One repercussion of constantly relying on feminizing signifiers for character design is that it tends to reinforce a strict binary form of gender expression. The gender binary is an entirely artificial and socially constructed division of male and female into two distinctly separate and opposing classes of human being. The gender binary also erases the continuum of gender presentations and identities that fall outside of the rigid masculine/feminine false dichotomy.

And within that strict binary women are “marked” while men get to remain largely “unmarked”.

In the Mario franchise, the Koopalings were originally described as Bowser’s seven children, all of them are male except for one named Wendy O Koopa. We know she is female because her designers used practically every hyper-feminine frill and accessory available to separate her from her male siblings.

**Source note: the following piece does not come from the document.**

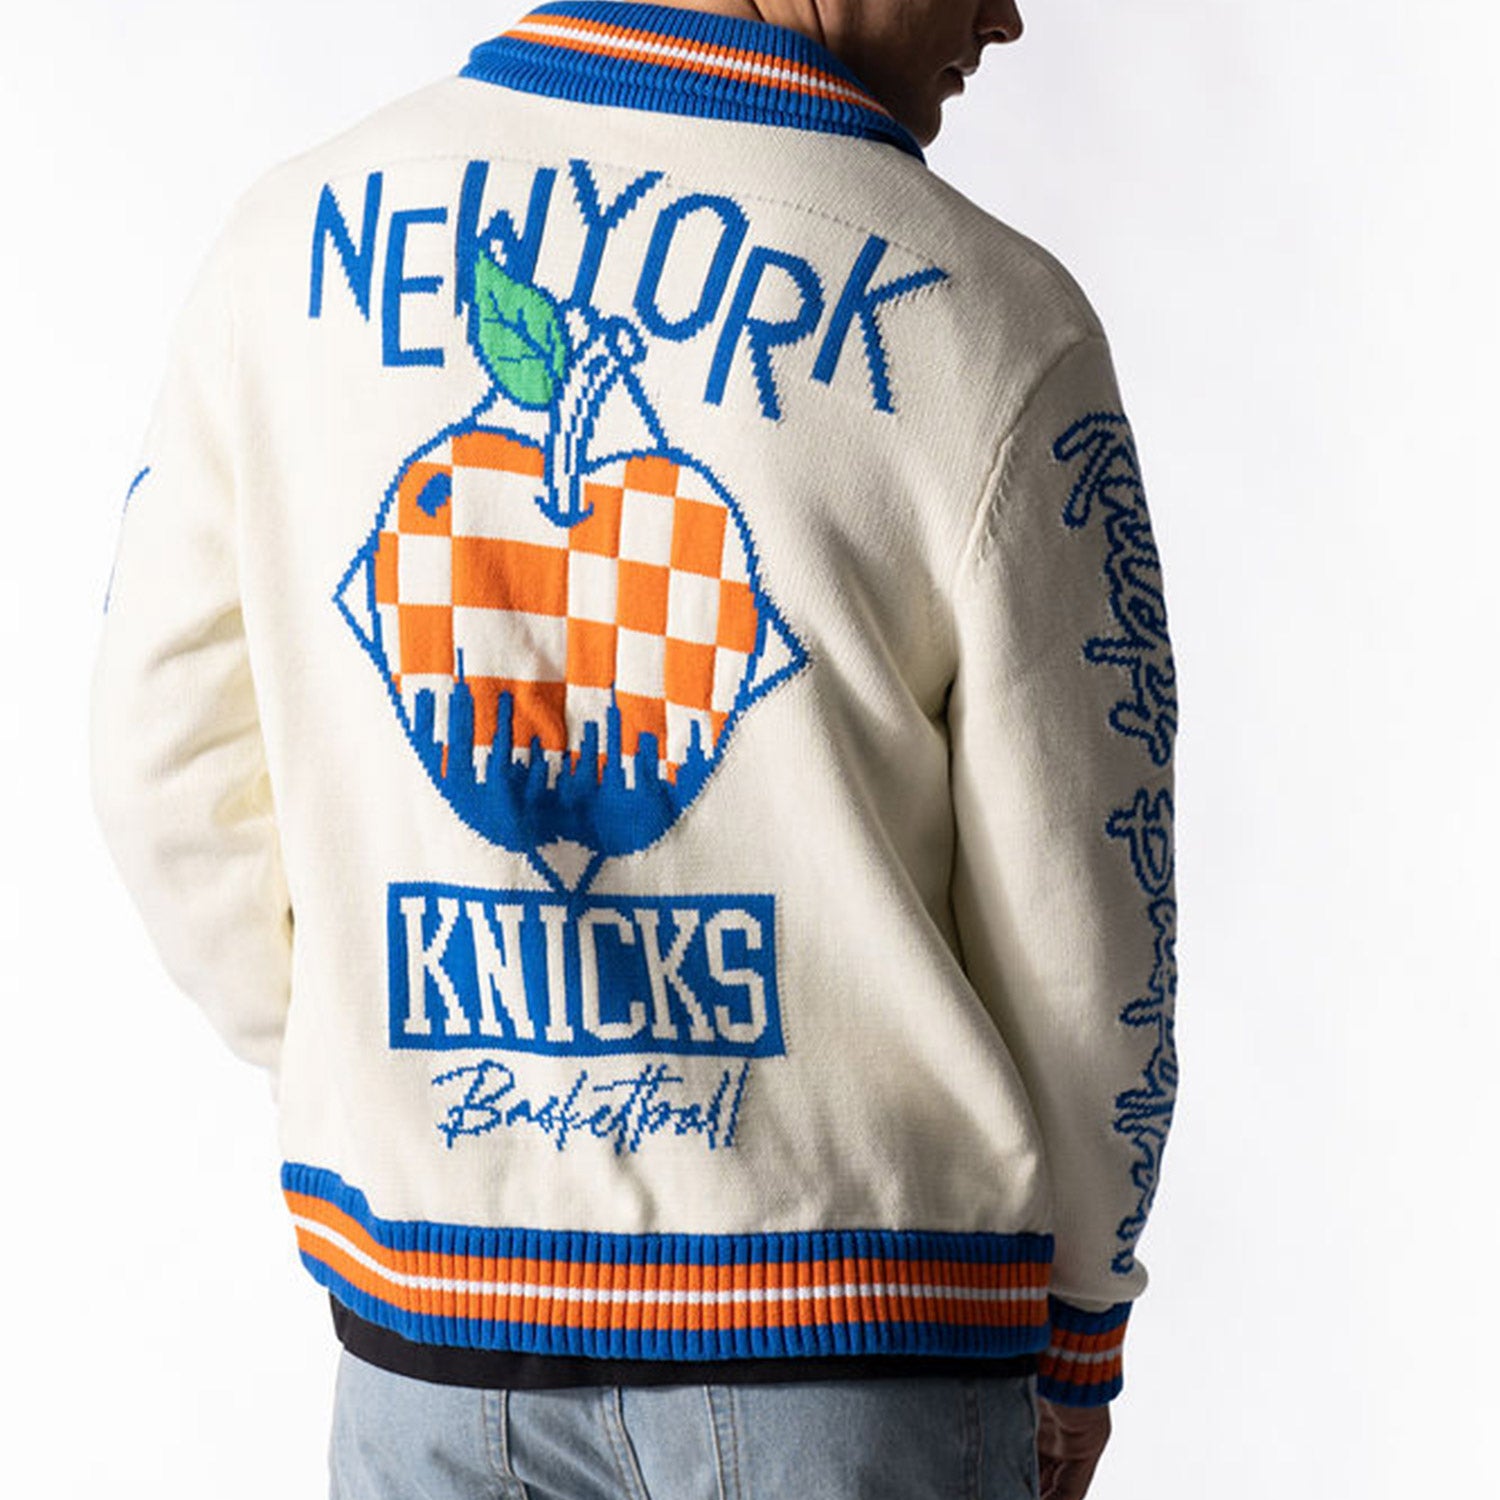 haak Vijandig Evolueren Wild Collective Knicks Jacquard Sweater | Shop Madison Square Garden

Wendy’s six brothers, by contrast, are “unmarked” by gendered identifiers which means they get to be presented in a variety of creative ways. Ludwig’s design communicates intelligence and arrogance, while Lemmy’s reveals his playfulness and Iggy’s makes him seem maniacal and a little unbalanced. Sadly, Wendy’s identity is limited by the fact that she is covered in superficial gendered signifiers. One look at her and you know she’s female, but not much else.

As with many Ms Male Characters, her defining characteristic is her gender.

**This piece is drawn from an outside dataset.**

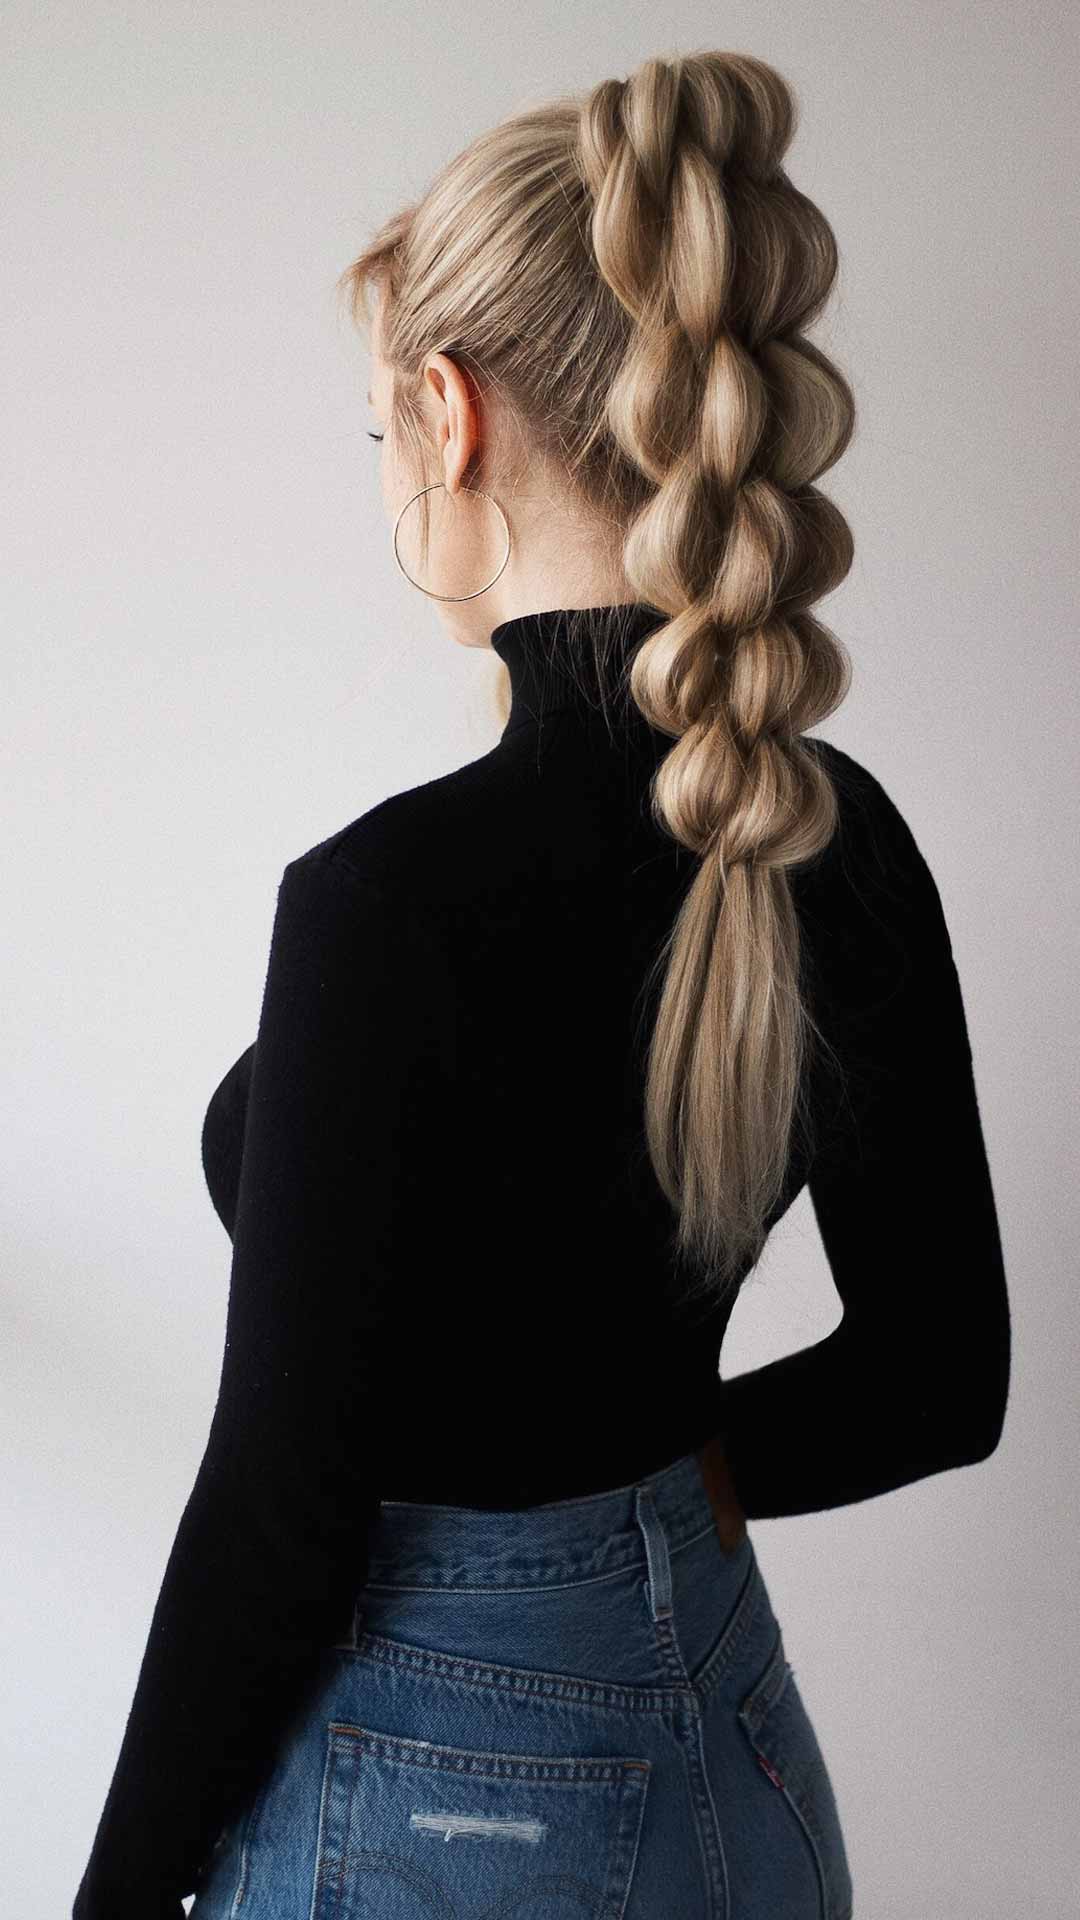 Braided ponytail hairstyle

Wendy also suffers from a parallel condition I like to call “Personality Female Syndrome” wherein female characters are reduced to a one dimensional personality type consisting of nothing more than a collection of shallow stereotypes about women. She is vain, spoiled, bratty and quick to anger.

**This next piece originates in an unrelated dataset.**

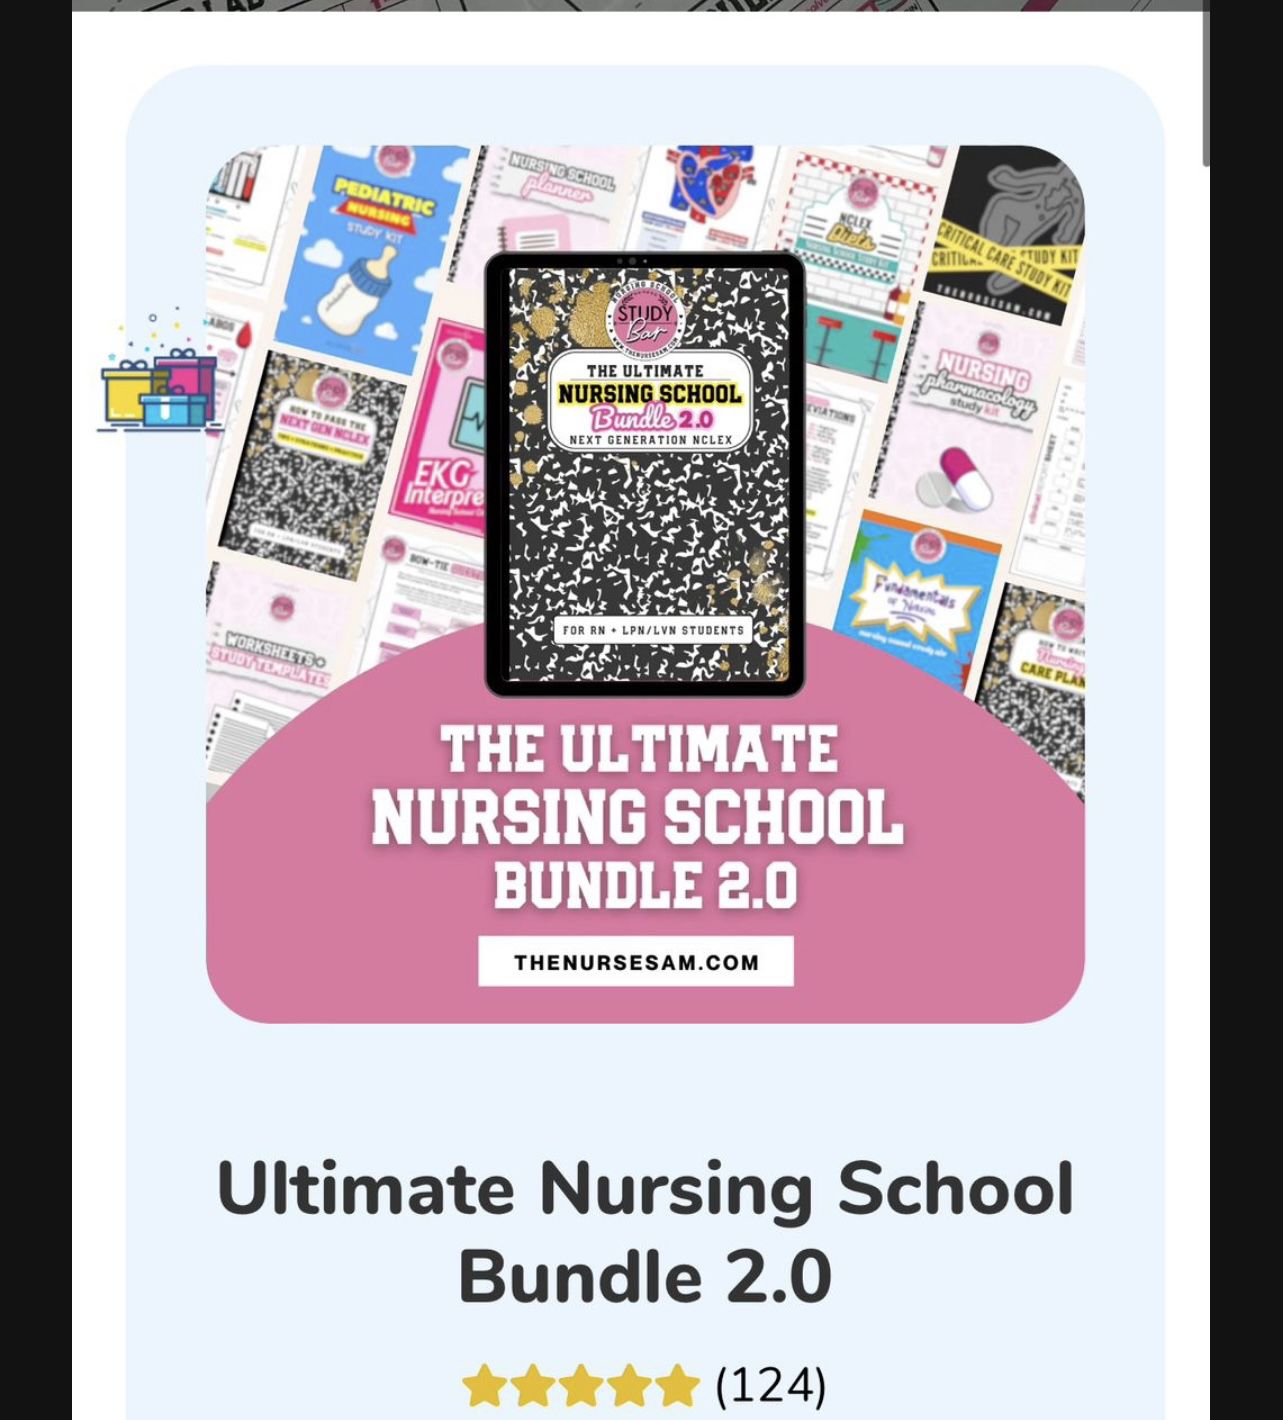 The Ultimate Nursing School Bundle

Clip- “Reptiles in the Rose Garden”
“I don’t care! I want America for my birthday! I want it, I want it, I want it!”

When female characters are “marked” by obligatory stereotypical identifiers it actively limits the range of available options by enforcing a narrow, restrictive and monolithic model for the portrayal of femininity. Meanwhile, since male characters are allowed to be unmarked it permits a much wider array of possibilities for their designs.

I should note that even though pink and purple are strong gendered indicators when combined with other feminizing visual markers those colors are not the exclusive domain of women. An expanded color-palette is something we do see applied to men on rare occasions as with Kirby, Bomberman or Roy Koopa but they are the exception to the rule and are typically only found in colorful childlike (and extremely male dominated) worlds. But if a bow, lipstick, eyeshadow or heels are placed on an otherwise male-identified character the intention, or at least the result, is typically a homophobic or transphobic joke.

Clip- Super Punch-Out
“Heike Kagero!
Fight!”

There are a few optional design accessories for men like neckties or baseball caps but they don’t hold the same significance. They are not ubiquitous or strictly enforced, and are never really used to “mark” men as “not female” in larger fictional universes dominated by women.

Maxwell is the hero of the popular Scribblenauts series. In the fourth game Scribblenauts Unlimited we are introduced to his twin sister Lily who is basically a feminised copy of Maxwell.

The two are identical except for a series of gendered signifiers designed to “mark” her as a female. In the game we learn that Lily is one of 42 children. All 41 of the other siblings are male and all have some trait or interest associated with their name that serves to define their personality (there’s Artie the artist, Buzz the astronaut, Glum the emo-rocker and so on and so forth) and all are unlockable and playable during the course of the game.

By contrast, Lily’s personality trait is essentially being Maxwell’s twin – she has no associated interest or hobby other than being the female version of the game’s hero. In addition to being a Ms. Male Character, Lily is also a particularly pronounced example of another related trope called the Smurfette Principle.

The term was coined back in 1991 by feminist author Katha Pollitt and is of course named after the only female smurf in Smurfville. The Smurfette Principle is the tendency for a piece of media to include only one woman in an ensemble of male characters. The trope is a pervasive problem in video games, manifesting as the “token chick” in any given grouping of heroes, villains or non-playable characters.

An exceptionally stark example of the trope can be found in the original Mega Man series. Over the course of 10 games there are 78 bosses or robot masters and exactly one of them is female, Splash Woman who appears in the 9th game.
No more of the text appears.